The invention herein meets the above-described needs. In one aspect the invention is a process for the dealcoholization of a naturally fermented beverage comprising:

A. optionally, contacting a microfiltration feed stream comprising a naturally fermented beverage with a microfiltration membrane, having a pore size of 0.1 to 1.0 a , under conditions such that the feed stream is separated into a microfiltration permeate stream which has a lower concentration of high molecular weight turbidity causing compounds, and a microfiltration retentate stream which has a higher concentration of high molecular weight turbidity causing compounds as compared to the microfiltration feed stream;

B. optionally, contacting a nanofiltration feed stream comprising a naturally fermented beverage or the microfiltration permeate stream with a nanofiltration membrane, having a molecular weight cutoff of from 100 to 10,000, under conditions such that the nanofiltration feed stream is separated into an nanofiltration permeate stream which has a lower concentration of aroma and flavor containing compounds, and an nanofiltration retentate stream which has a higher concentration of aroma and flavor containing compounds as compared to the nanofiltration feed stream;

C. contacting a reverse osmosis feed stream comprising the microfiltration permeate or the nanofiltration permeate with a reverse osmosis membrane, which selectively permeates ethanol and selectively retains aroma and flavor containing compounds under conditions, such that the reverse osmosis feed stream is separated into a reverse osmosis permeate stream which is higher in ethanol concentration and lower in aroma and flavor containing compounds, and a retentate stream which is lower in ethanol concentration and higher in aroma and flavor containing compounds, as compared to the reverse osmosis feed stream;

characterized in that, either or both of steps A. or B. must be performed, and if step B is performed the reverse osmosis retentate and the nanofiltration retentate are recombined subsequent to step C.

In another embodiment the invention is an apparatus for performing the above-described process.

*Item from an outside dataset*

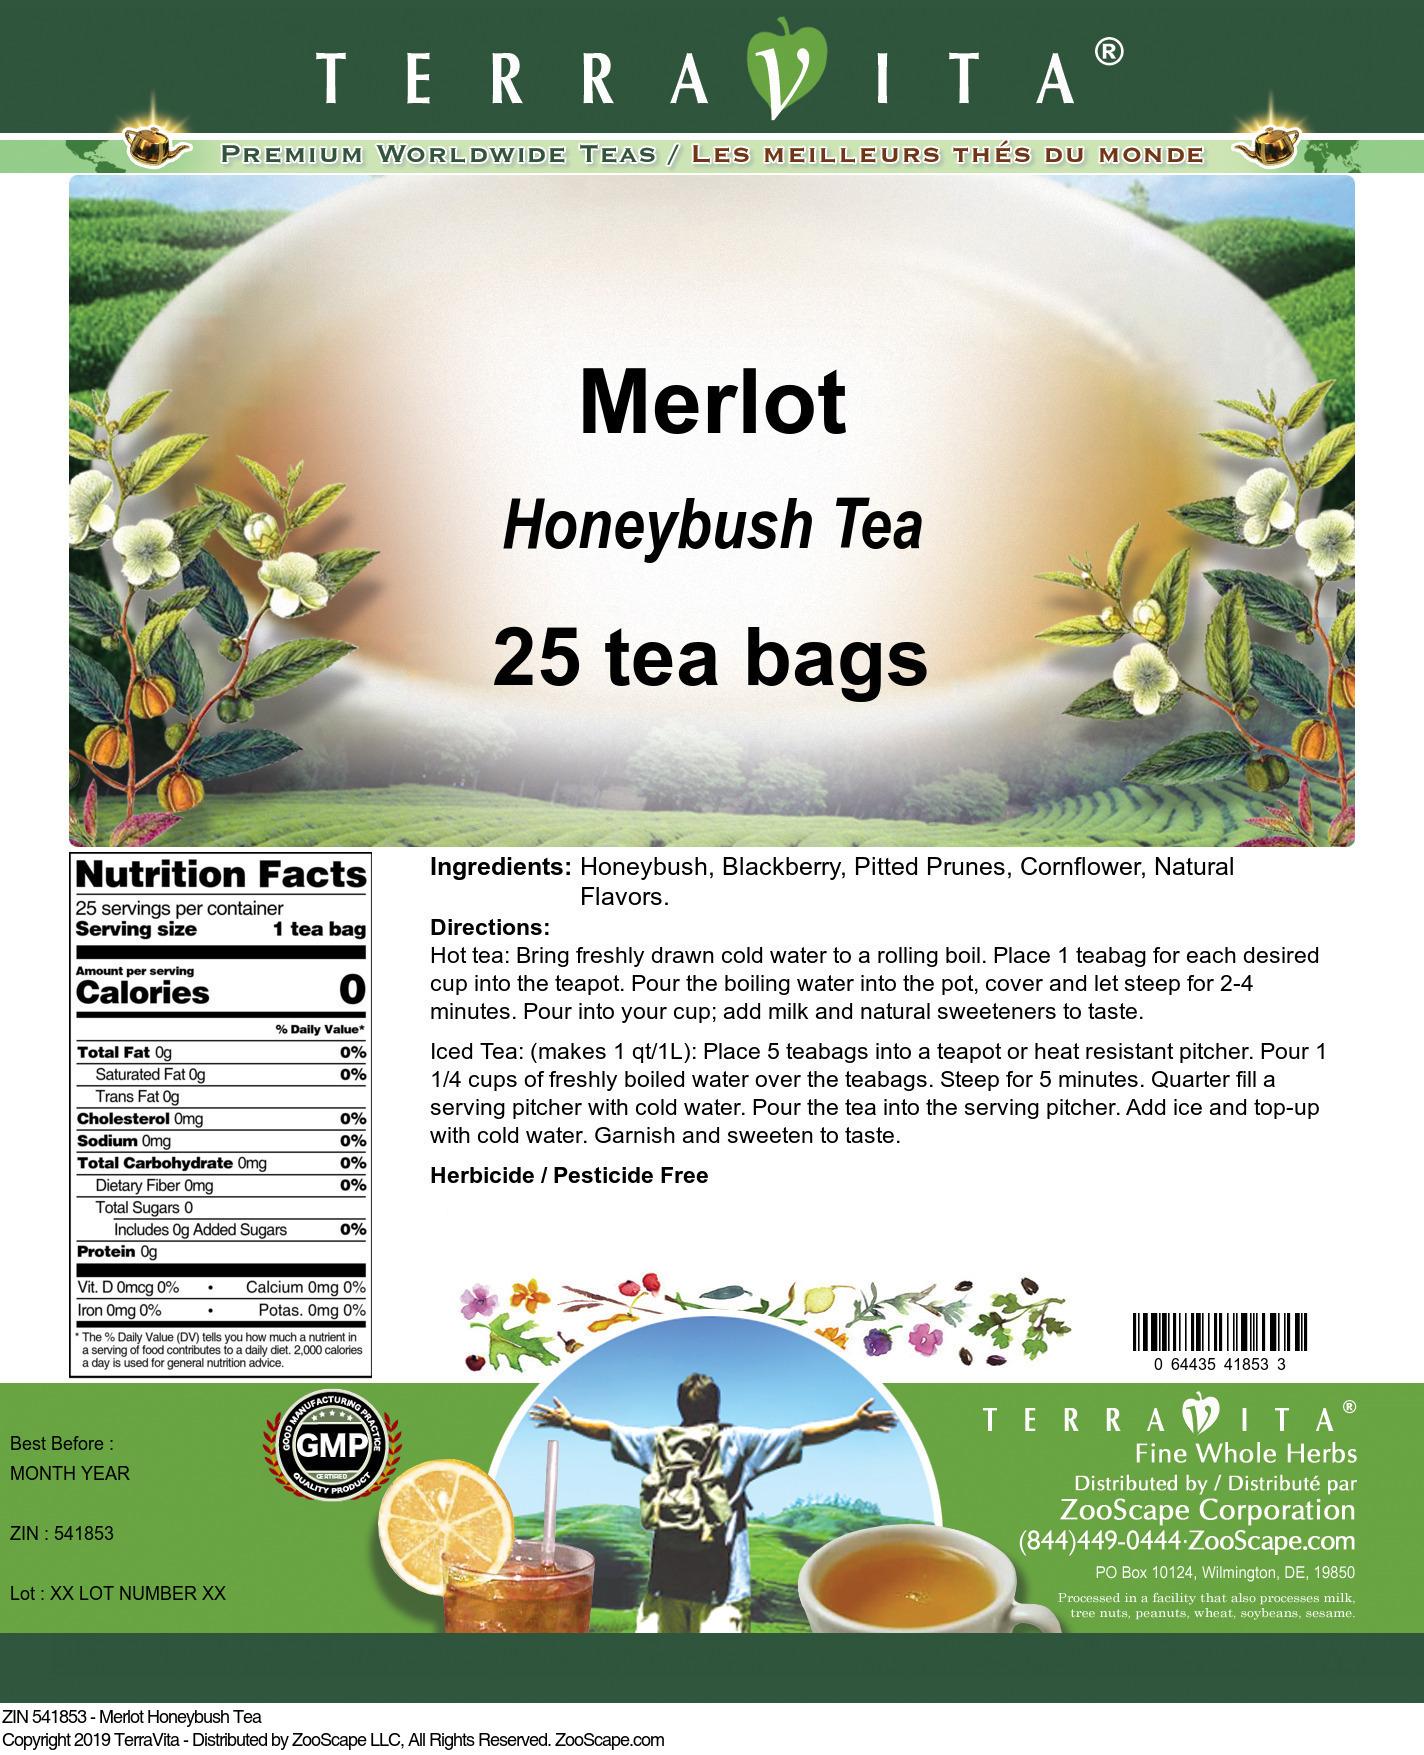 Merlot Honeybush Tea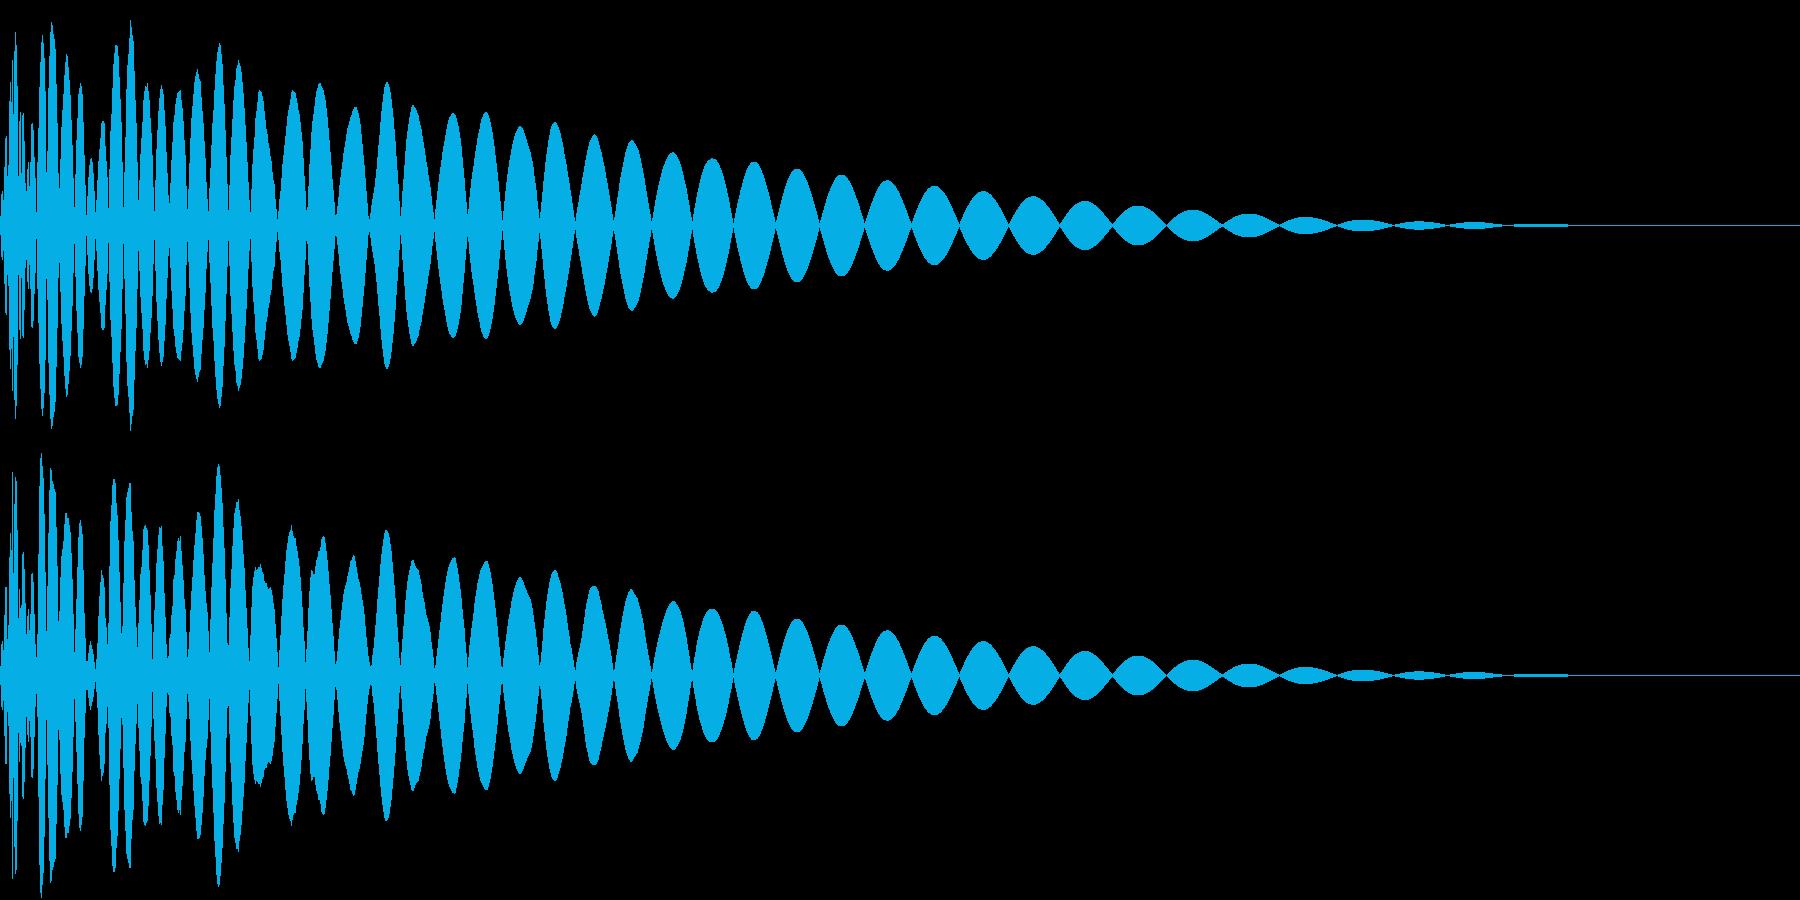 DTM Kick 12 オリジナル音源の再生済みの波形

The process and apparatus claimed and described herein allow the preparation of naturally fermented beverages without removing or damaging aroma or flavor compounds. Furthermore the process removes compounds which create turbidity and negatively affect the taste. Furthermore the process and apparatus provided economical means for achieving the above-described aims.

Briefly, Figure 1 demonstrates a process using a microfiltration step, a nanofiltration step, and a reverse osmosis step. The figure further describes recycling the retentate of the nanofiltration membrane and recycling retentate of the reverse osmosis membrane. Figure 2 describes a process which comprises a nanofiltration step and a reverse osmosis step in which the retentate from both steps are recycled. Figure 3 describes a process in which a microfiltration, and a reverse osmosis step are used wherein the retentate from the reverse osmosis step in recycled.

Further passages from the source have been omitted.